## [Dataset excerpt]
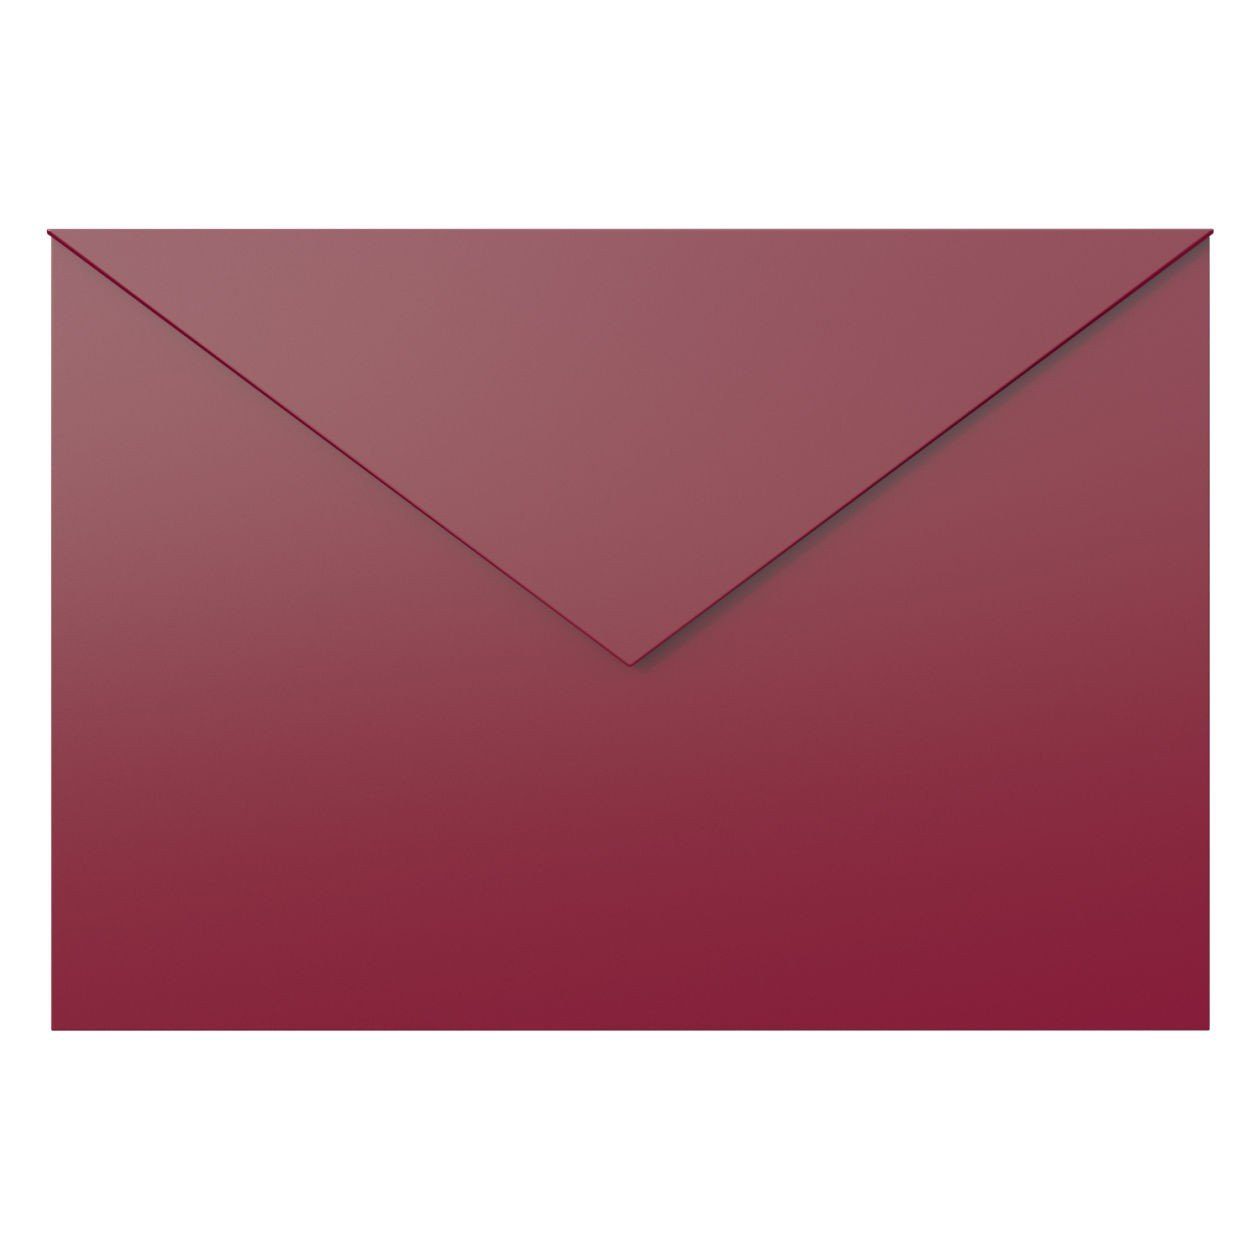 Briefkasten Briefkasten Bravios Rot Letter
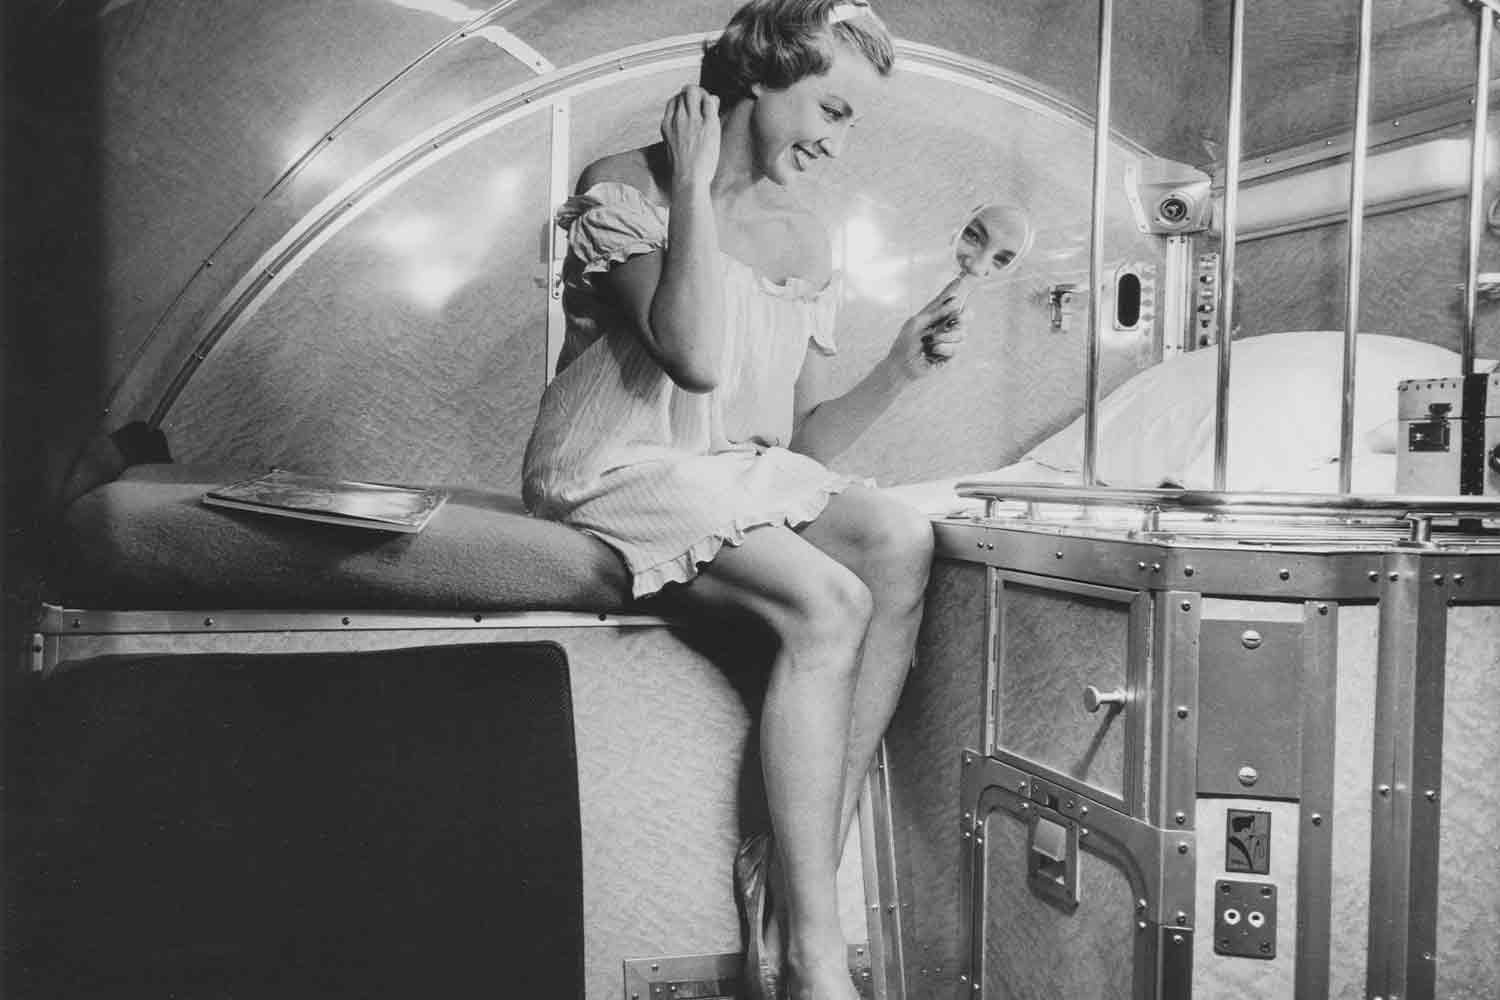 Fotografia pubblicitaria per la promozione dei nuovi vagoni letto P, iniziale di Pillepich, progettista e ingegnere capo dei servizi tecnici della Compagnie (1959) ©Fonds de dotation Orient Express
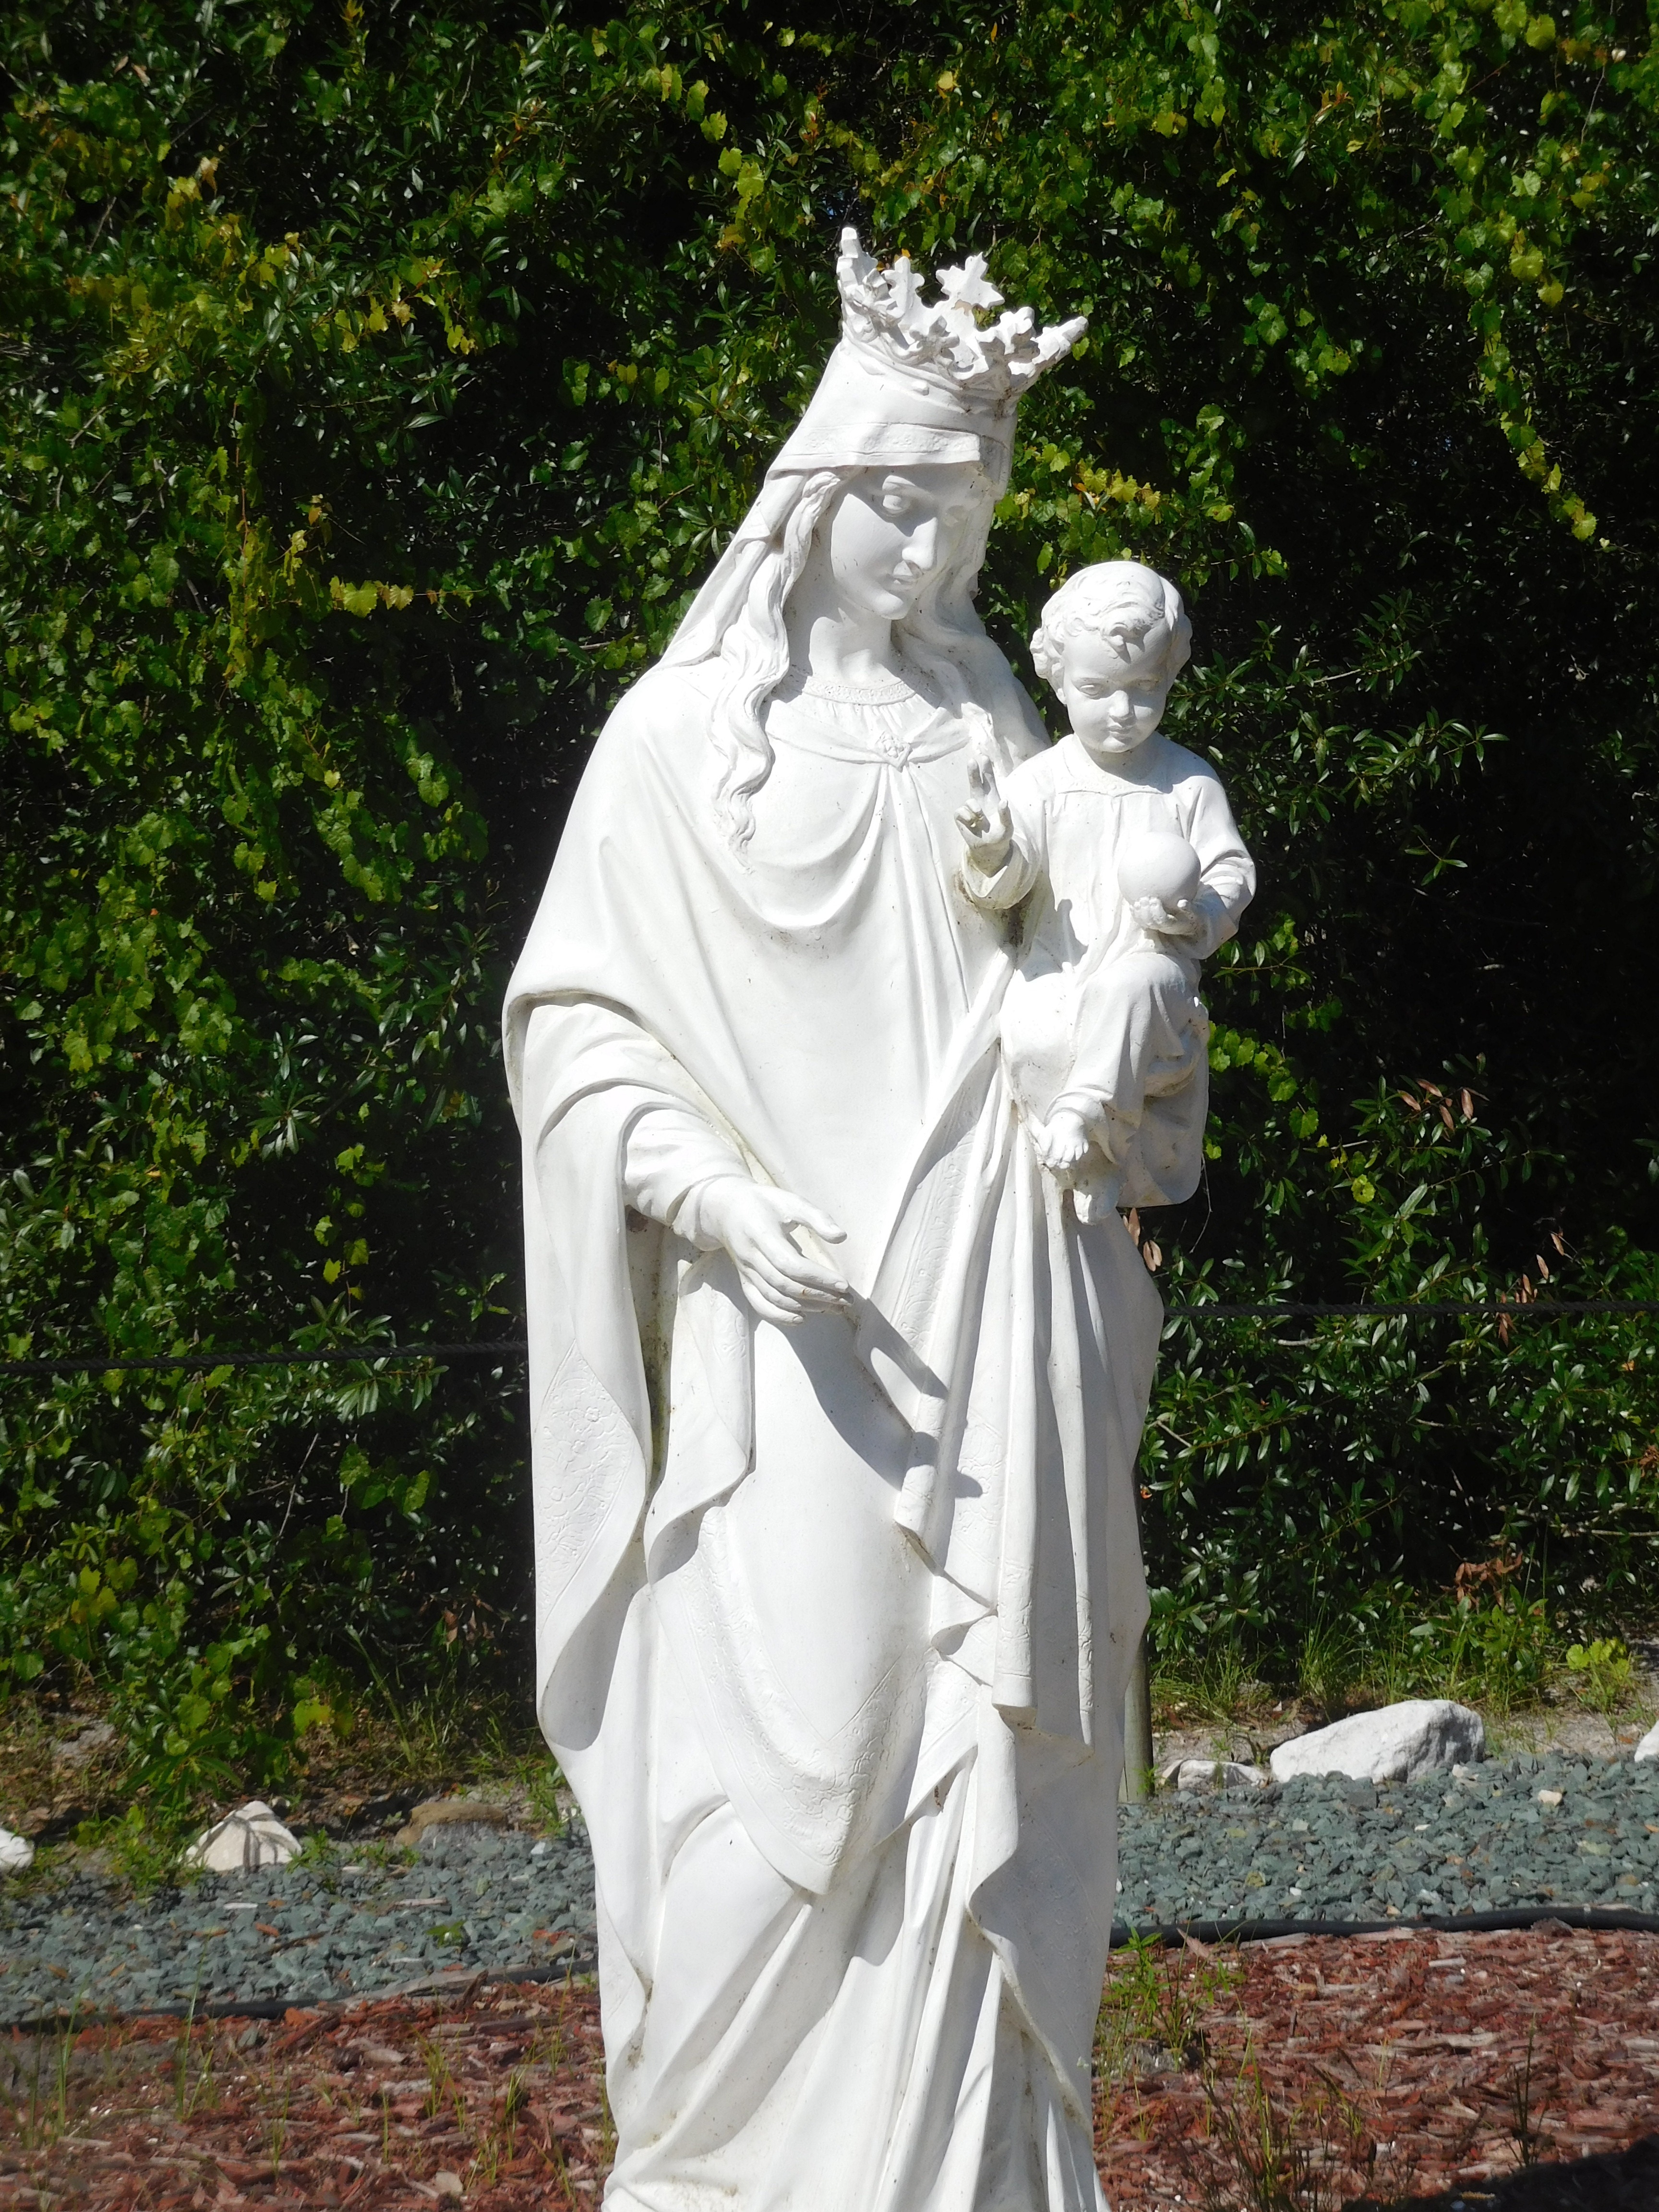 religious statue

## [Task statement]
Every line of the listing above is to be set down verbatim, without the pictures.

## [Task solution]
 Briefkasten Briefkasten Bravios Rot Letter
 Fotografia pubblicitaria per la promozione dei nuovi vagoni letto P, iniziale di Pillepich, progettista e ingegnere capo dei servizi tecnici della Compagnie (1959) ©Fonds de dotation Orient Express
 religious statue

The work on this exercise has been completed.